• **Supplied information**

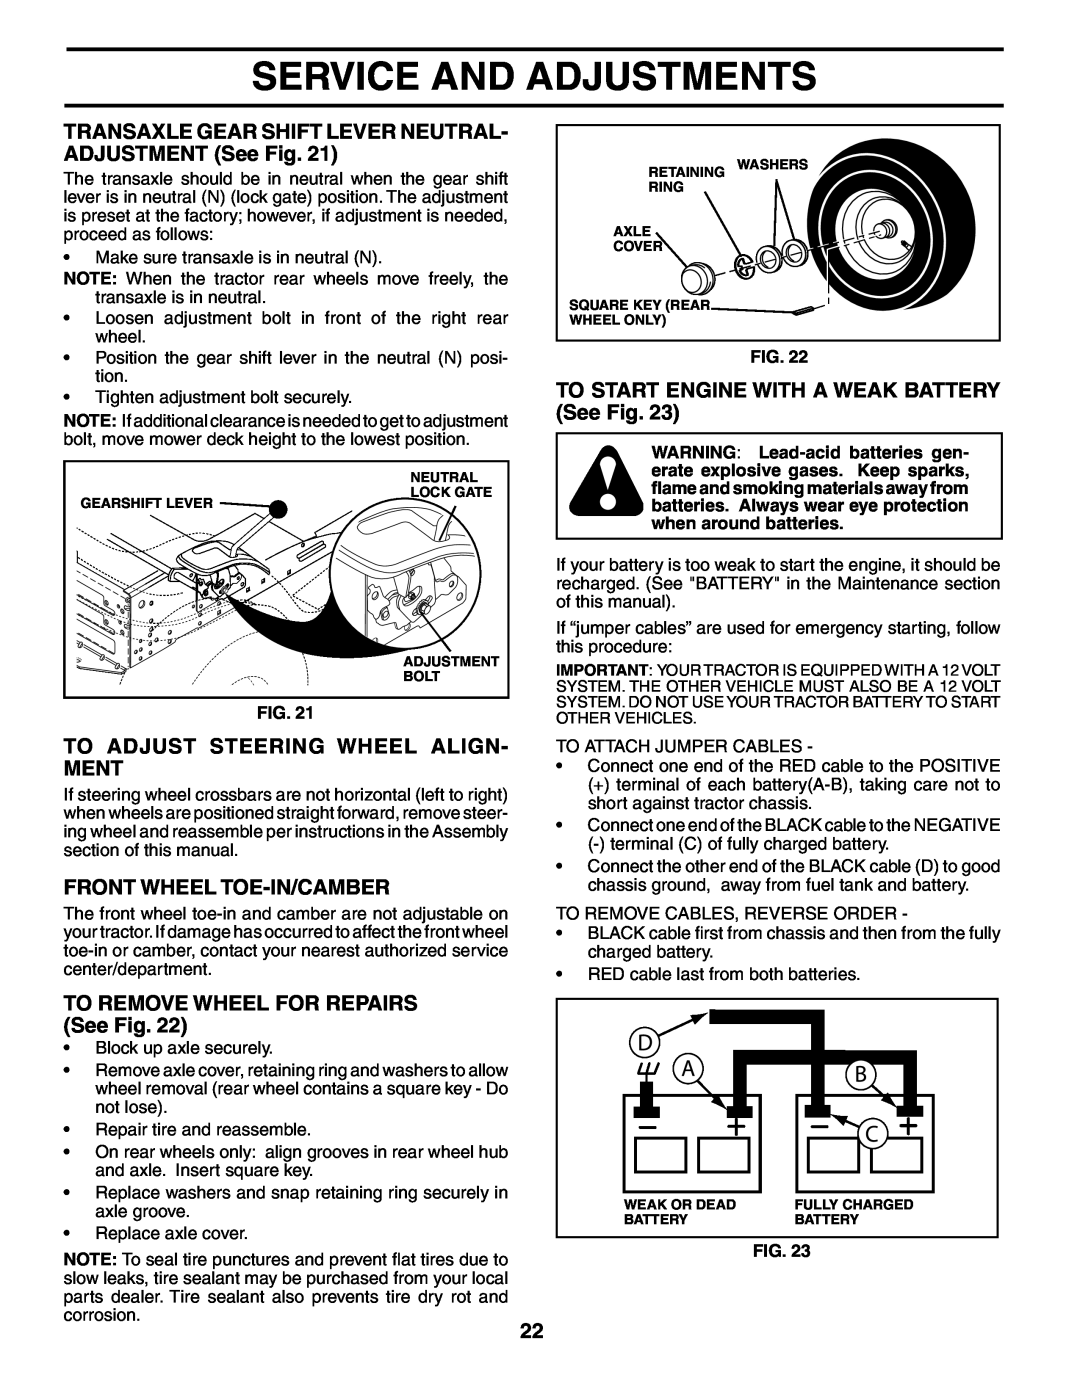 Poulan WE13538LT To Adjust Steering Wheel Align- Ment, Front Wheel Toe-In/Camber, TO REMOVE WHEEL FOR REPAIRS See Fig 
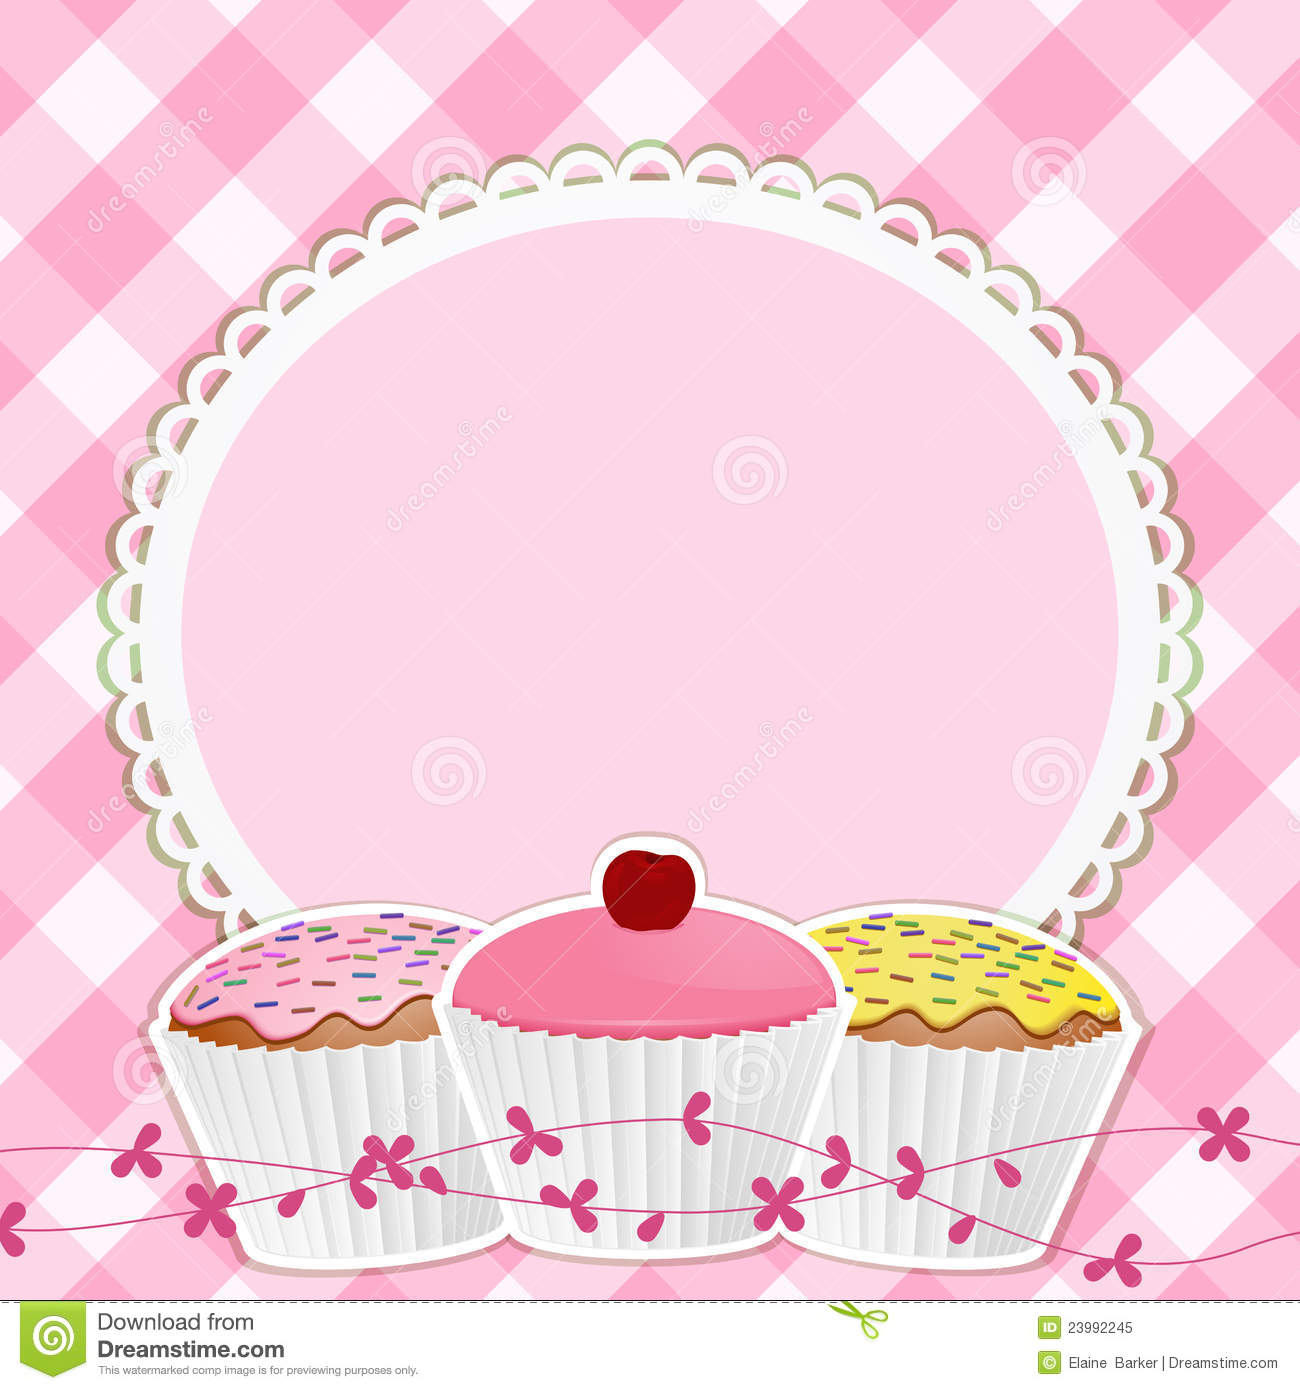 Cupcakes And Border On Pink Gingham Royalty Free Stock Photo   Image
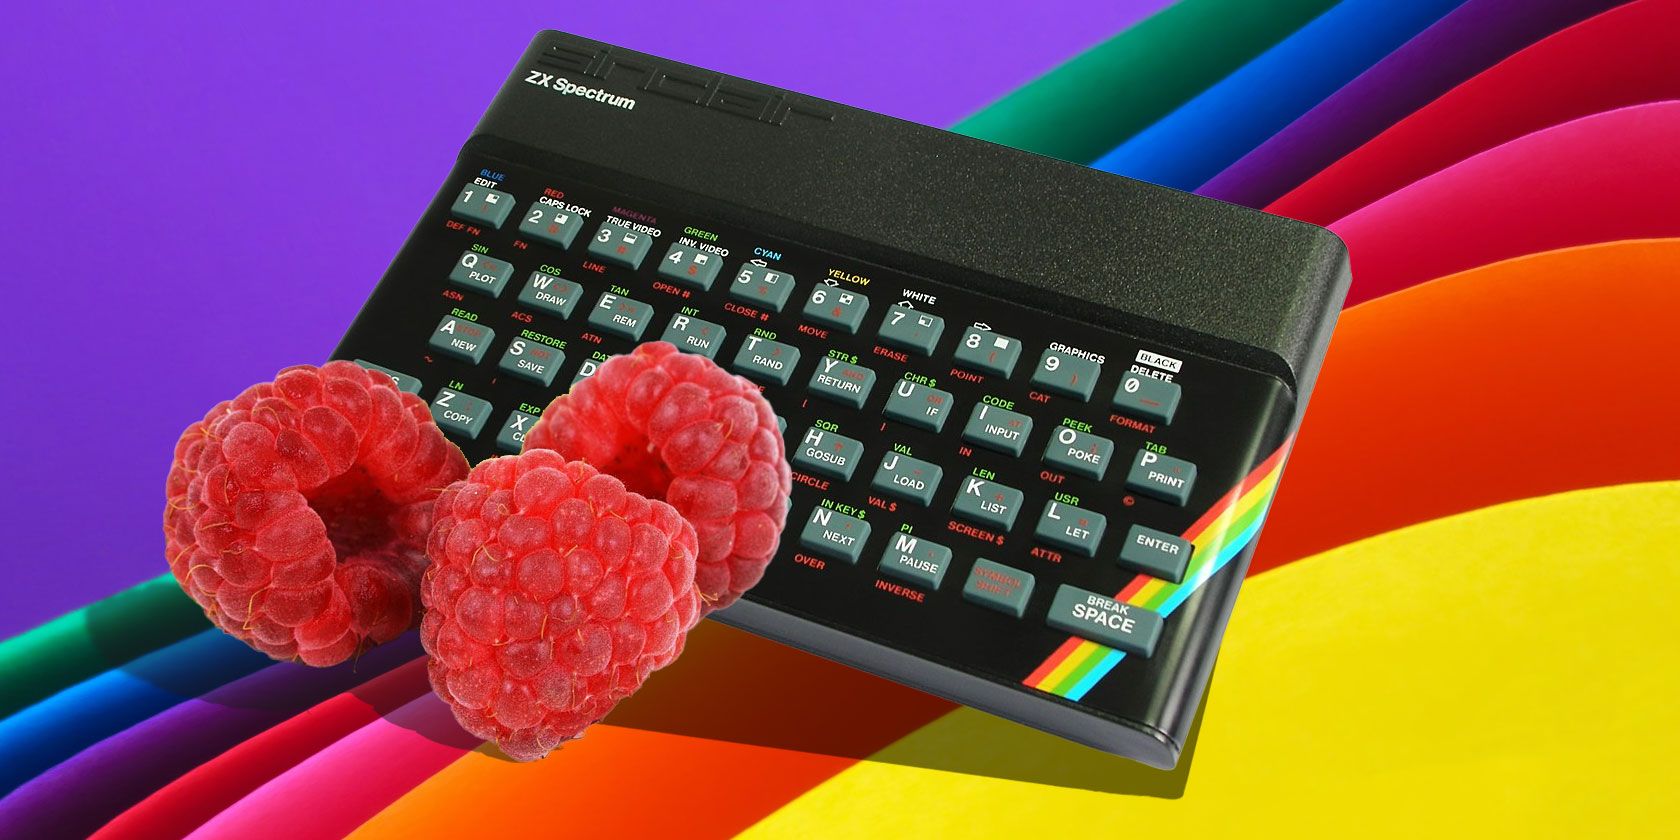 Turn Your Original Raspberry Pi into a ZX Spectrum Computer With

• **Exercise directions**
The result is an exact copy of the lines from the one holding "Cupcakes And Border" through the final line of the data above, both ends included, minus the pictures.

• **Written response**
 Cupcakes And Border On Pink Gingham Royalty Free Stock Photo   Image
 Turn Your Original Raspberry Pi into a ZX Spectrum Computer With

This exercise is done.